Unless you have a really good physician, and few fibromyalgia patients do, you’ll either hear that every symptom you have is part of your fibromyalgia and there won’t be any attempts to look beyond the diagnosis (and billing code) in your chart, or you’ll hear that it’s all in your head. Often, this leaves many patients with rare diseases and the co-morbidies that come with fibromyalgia either turning to google or chalking it all up to their fibro without relief.
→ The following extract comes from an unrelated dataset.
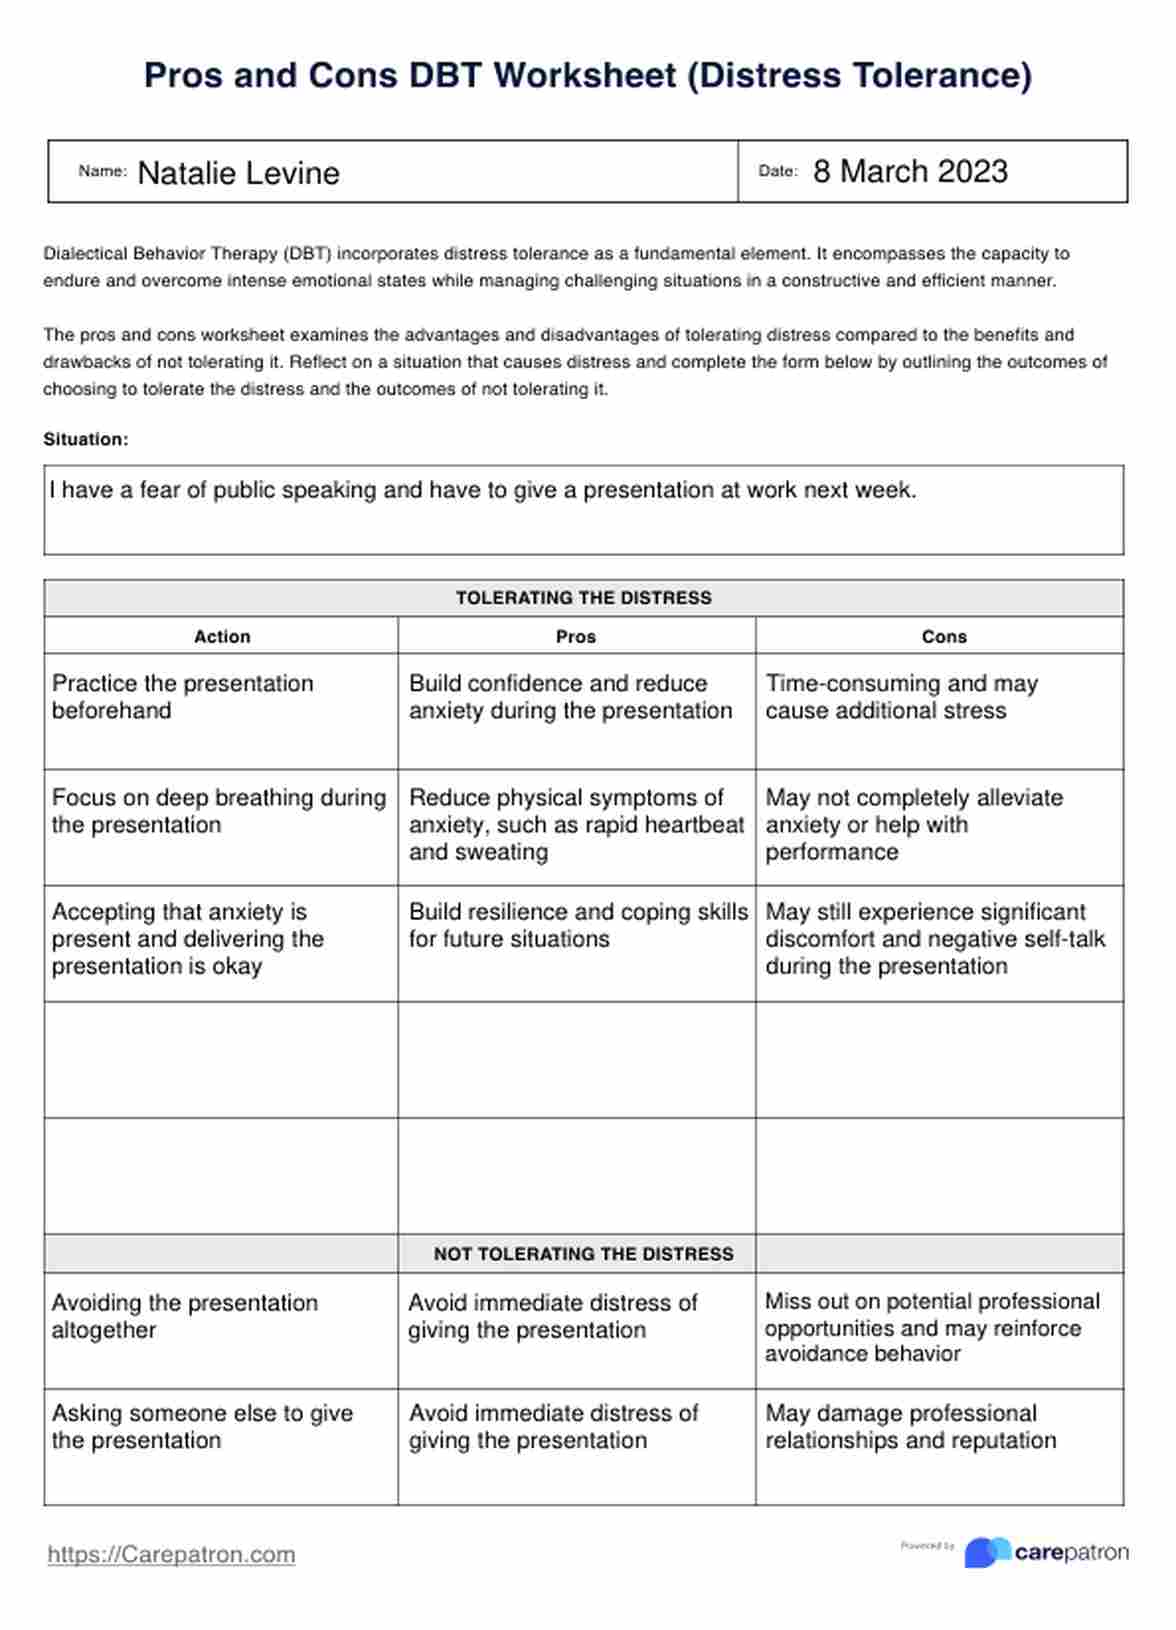 Pros and Cons DBT Worksheet PDF Example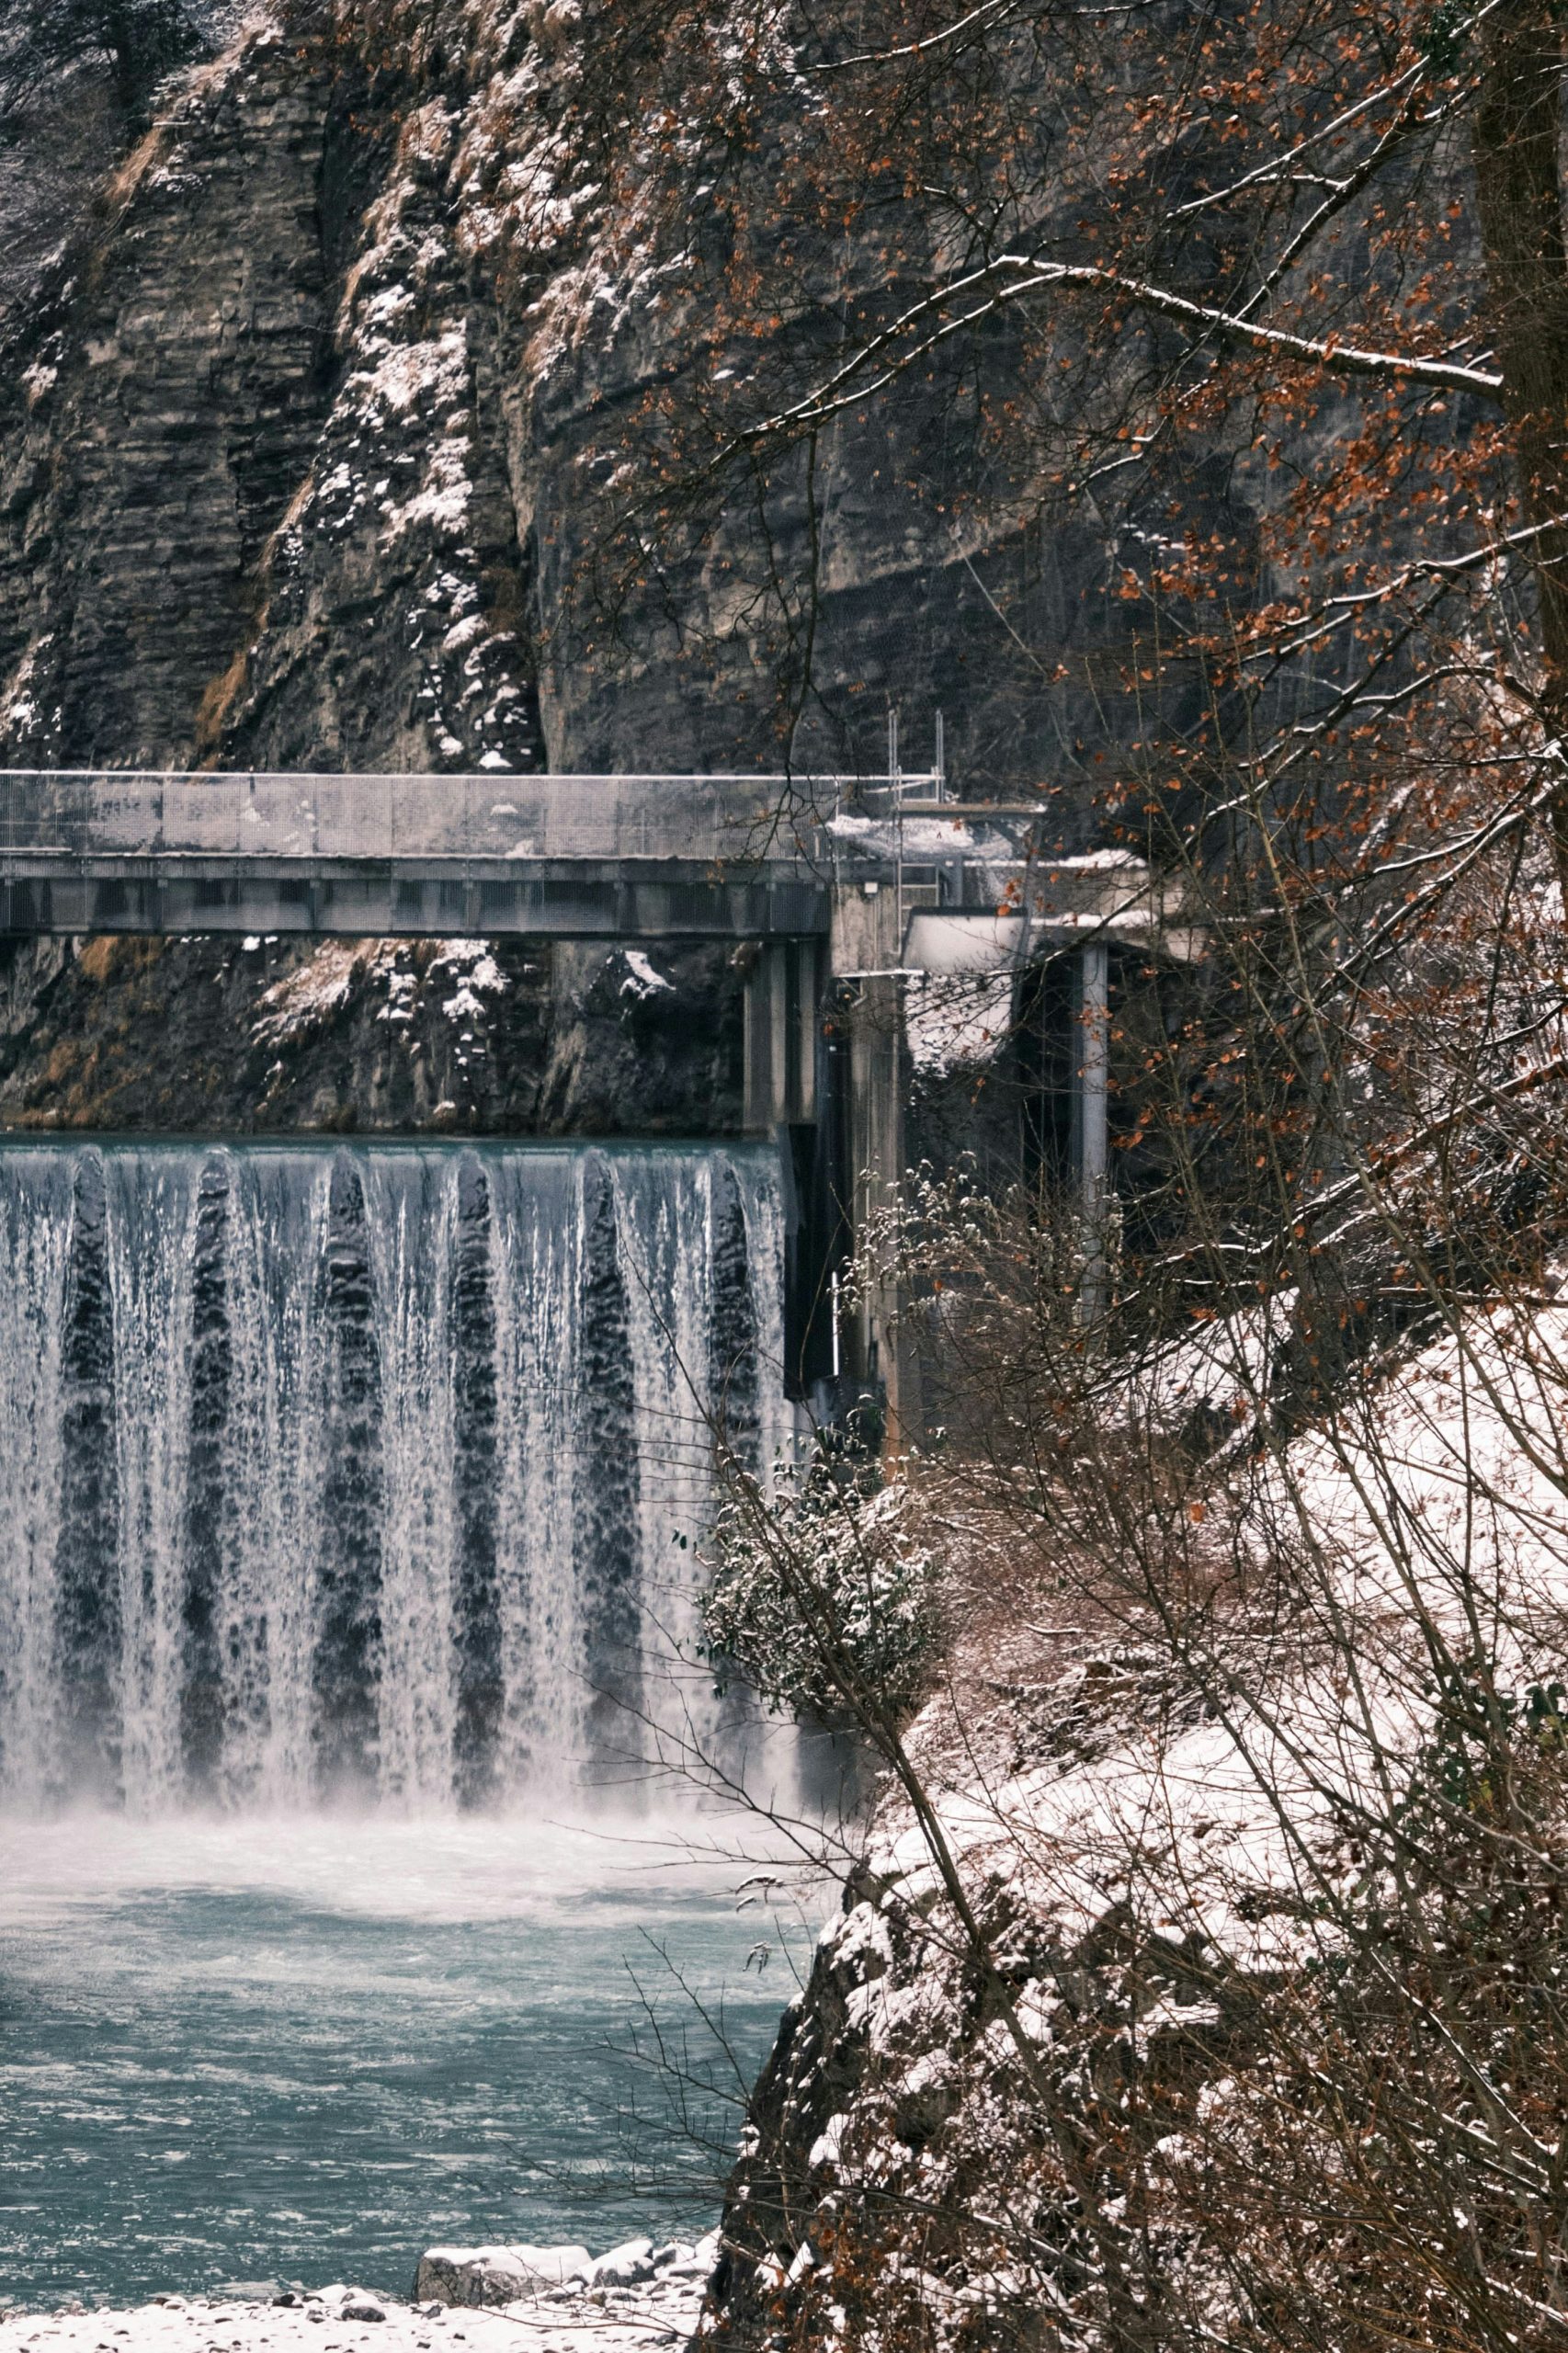 How Does Hydroelectric Power Work?

This creates a potentially unhealthy cycle. On one hand as a patient you don’t want to be claiming diagnosis just to collect them like trinkets to put on your shelf. However, on the other, if it is something beyond fibromyalgia, such as the chest pain that comes with costochondritis, you want it checked out to be sure it isn’t anything more serious. And if it’s a condition that is frustrating, like hives or skin rashes, if you know what causes it, you can work to avoid it.

Doctors also tend to look down on patients who do their own research. Going into the doctor and saying “what about this?” is met with scorn or the belief that you’re “pill seeking”. So what’s a fibromyalgia patient to do?

I research and experiment. For example I’m currently taking Quercetin and Bromelain supplements as they are reported to help reduce inflammation and MAST cell responses. I’m also taking garlic supplements as it boosts immunity, works as an anti-inflammatory, and improves cardiovascular health. It’s probably too soon to see if there are any responses, and I’m not sure I’ll be able to afford to continue, though I get them from Amazon at a reasonable price (Under $10/bottle). I also switched to a pre-natal vitamin to help my anemia and provide more nutrition. These small things I can do without seeing my doctor or getting a prescription, though understandably, I should inform my doctor of this if anything in my health changes.

Most importantly, I’m open. As my fibromyalgia ramps up, I listen to my body. I listen to research, much of which our doctors aren’t aware of, and I listen to others with rare diseases like mast cell disorders and chronic lyme as my symptoms overlap with them and my history suggests those as well.

We have to look out for our own health, while keeping in mind that there are times when our doctors are right. This could be my fibromyalgia increasing, and as such I’m treating it that way. They increased my generic Cymbalta and hopefully with the additional supplements, the flare will ease. But it’s all a learning curve, and we’re always figuring out new things.